This paper concerns a logical approach to natural language parsing based on proof nets (PNs), i.e. de-sequentialized proofs, of linear logic (LL). It first provides a syntax for proof structures (PSs) of the cyclic multiplicative and additive fragment of linear logic (CyMALL). A PS is an oriented graph, weighted by boolean monomial weights, whose conclusions \(\varGamma \) are endowed with a cyclic order \(\sigma \). Roughly, a PS \(\pi \) with conclusions \(\sigma (\varGamma )\) is correct (so, it is a proof net), if any slice \(\varphi (\pi )\), obtained by a boolean valuation \(\varphi \) of \(\pi \), is a multiplicative (CyMLL) PN with conclusions \(\sigma (\varGamma _r)\), where \(\varGamma _r\) is an additive resolution of \(\varGamma \), i.e. a choice of an additive subformula for each formula of \(\varGamma \).

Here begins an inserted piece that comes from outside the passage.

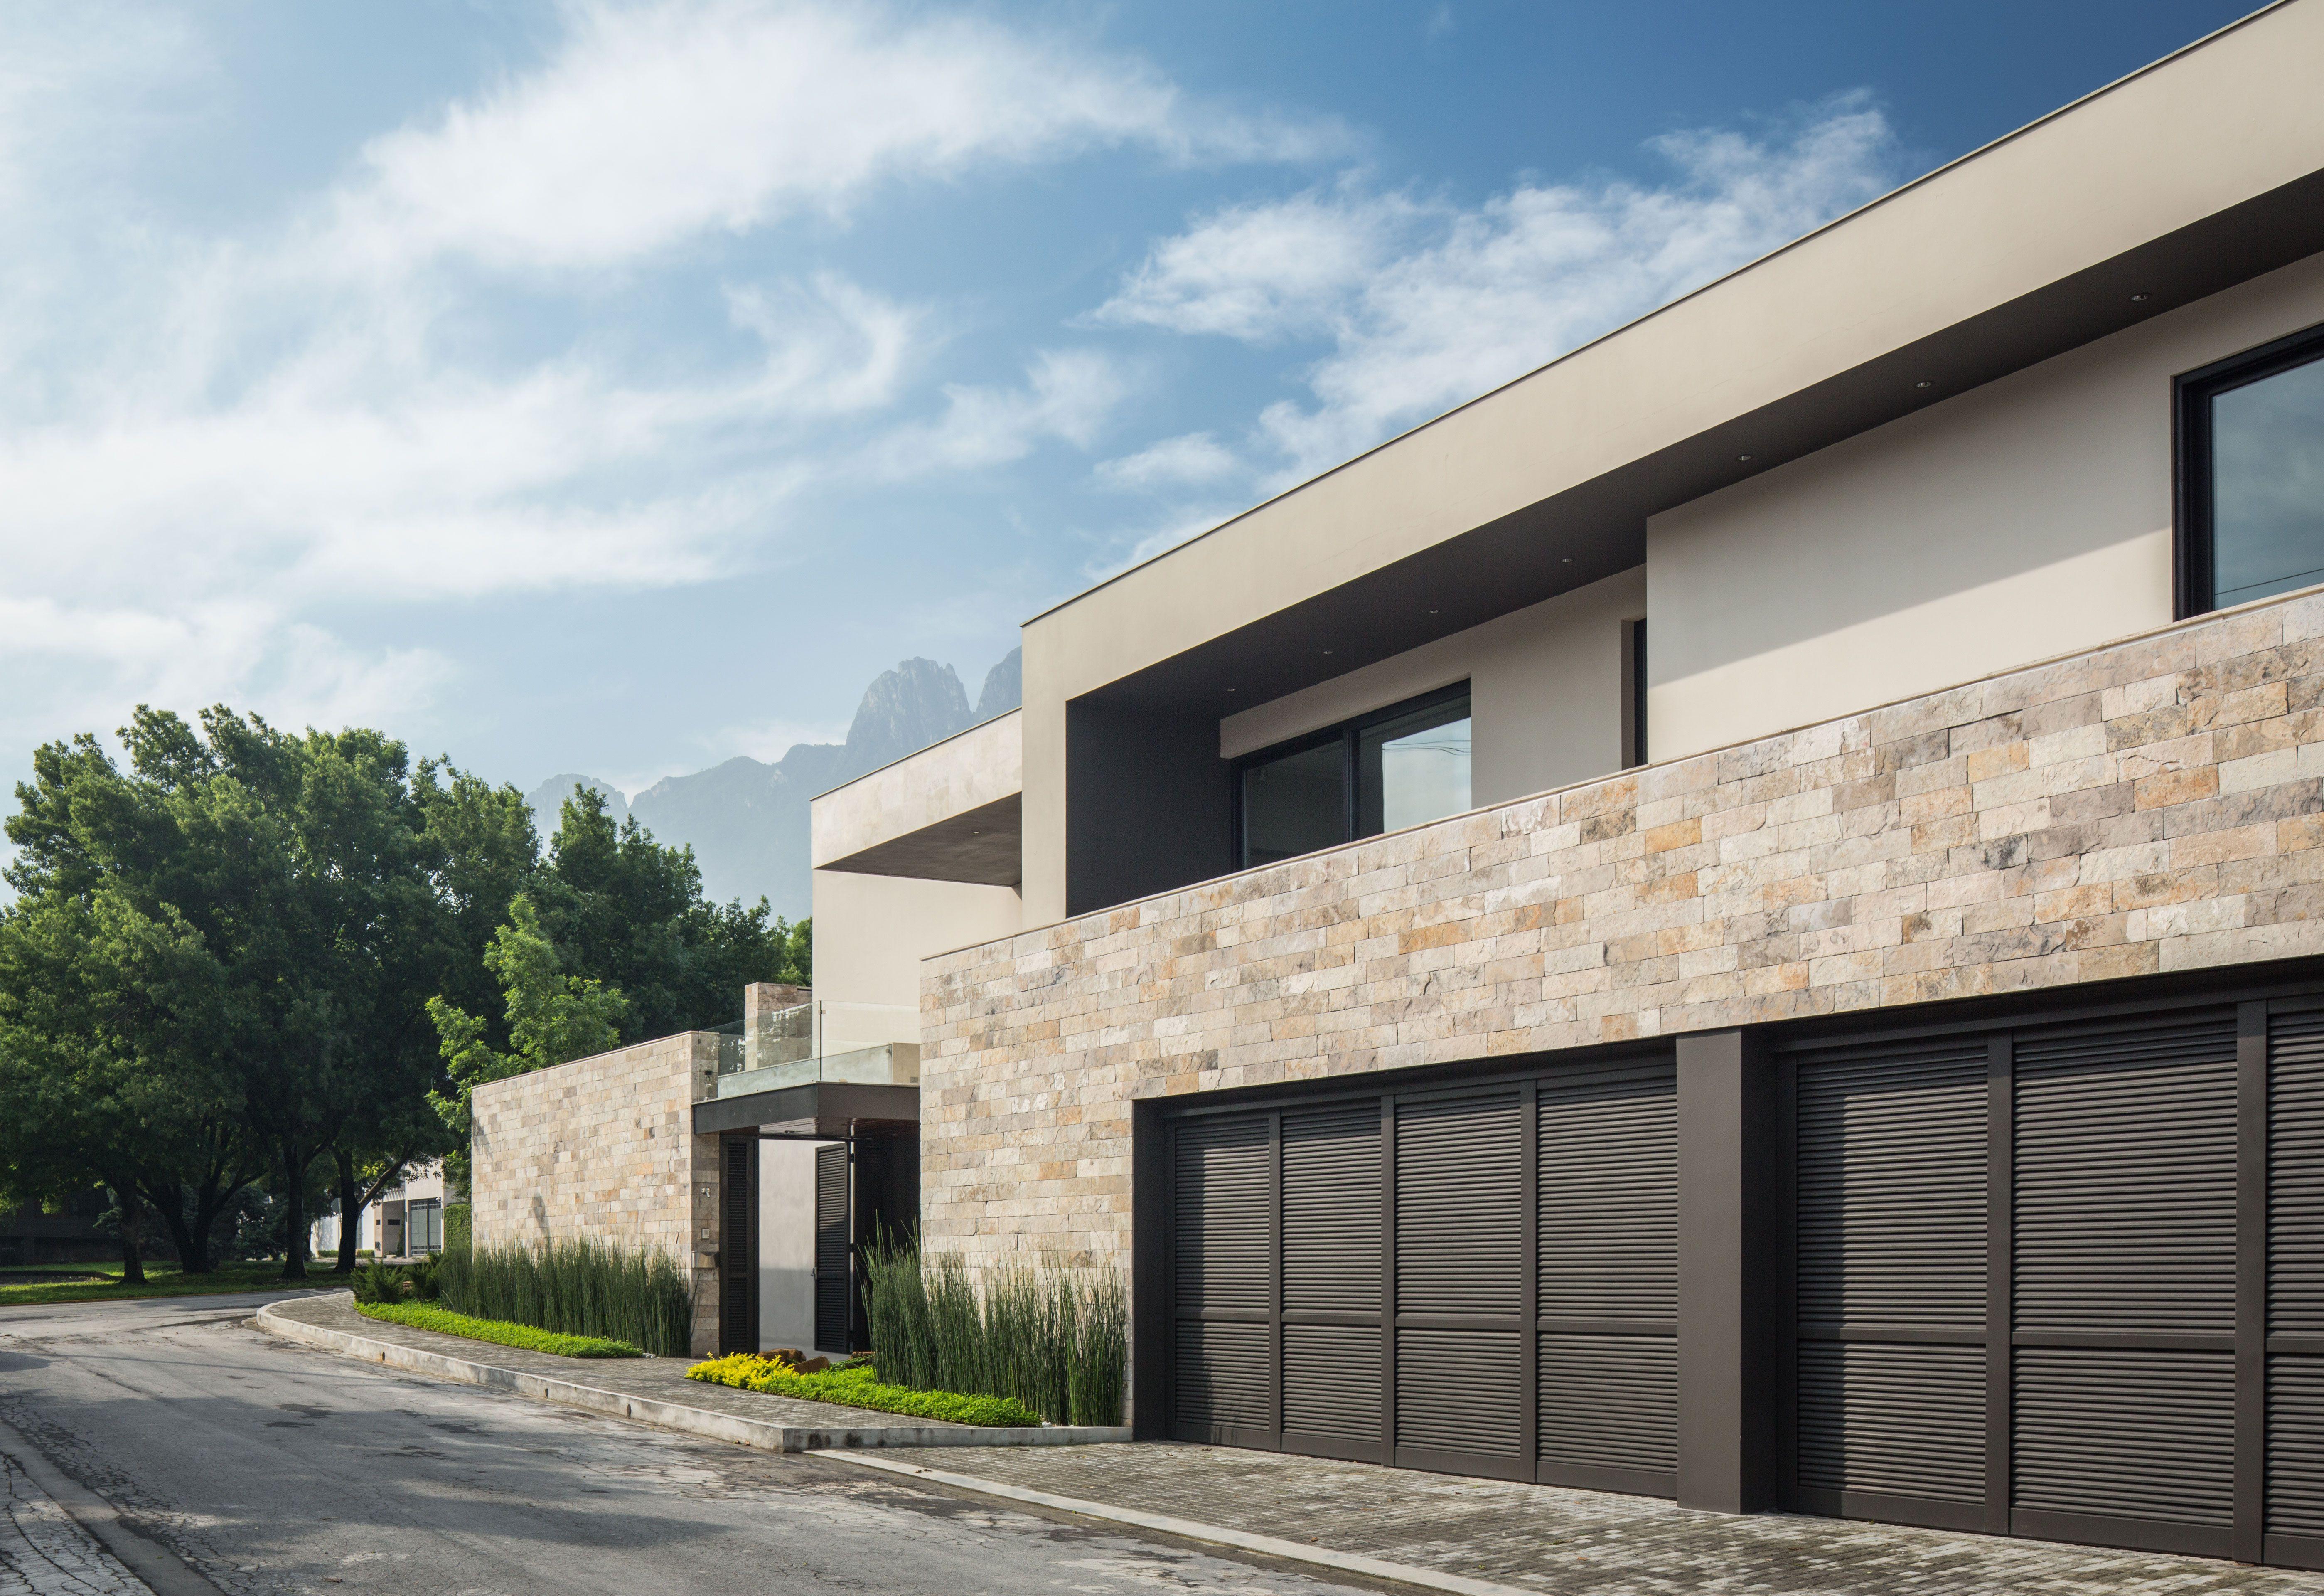 Architecture architect house pozas arquitectos elegance

The correctness criterion for CyMLL PNs can be considered as the non-commutative counterpart of the famous Danos-Regnier (DR) criterion for PNs of the pure multiplicative fragment (MLL) of LL. The main intuition relies on the fact that any DR-switching (i.e. any correction or test graph for a given PN) can be naturally viewed as a seaweed, that is, a rootless planar tree inducing a cyclic order on the conclusions of the given PN. Unlike the most part of current syntaxes for non-commutative PNs, our syntax allows a sequentialization for the full class of CyMALL PNs, without requiring these latter to be cut-free.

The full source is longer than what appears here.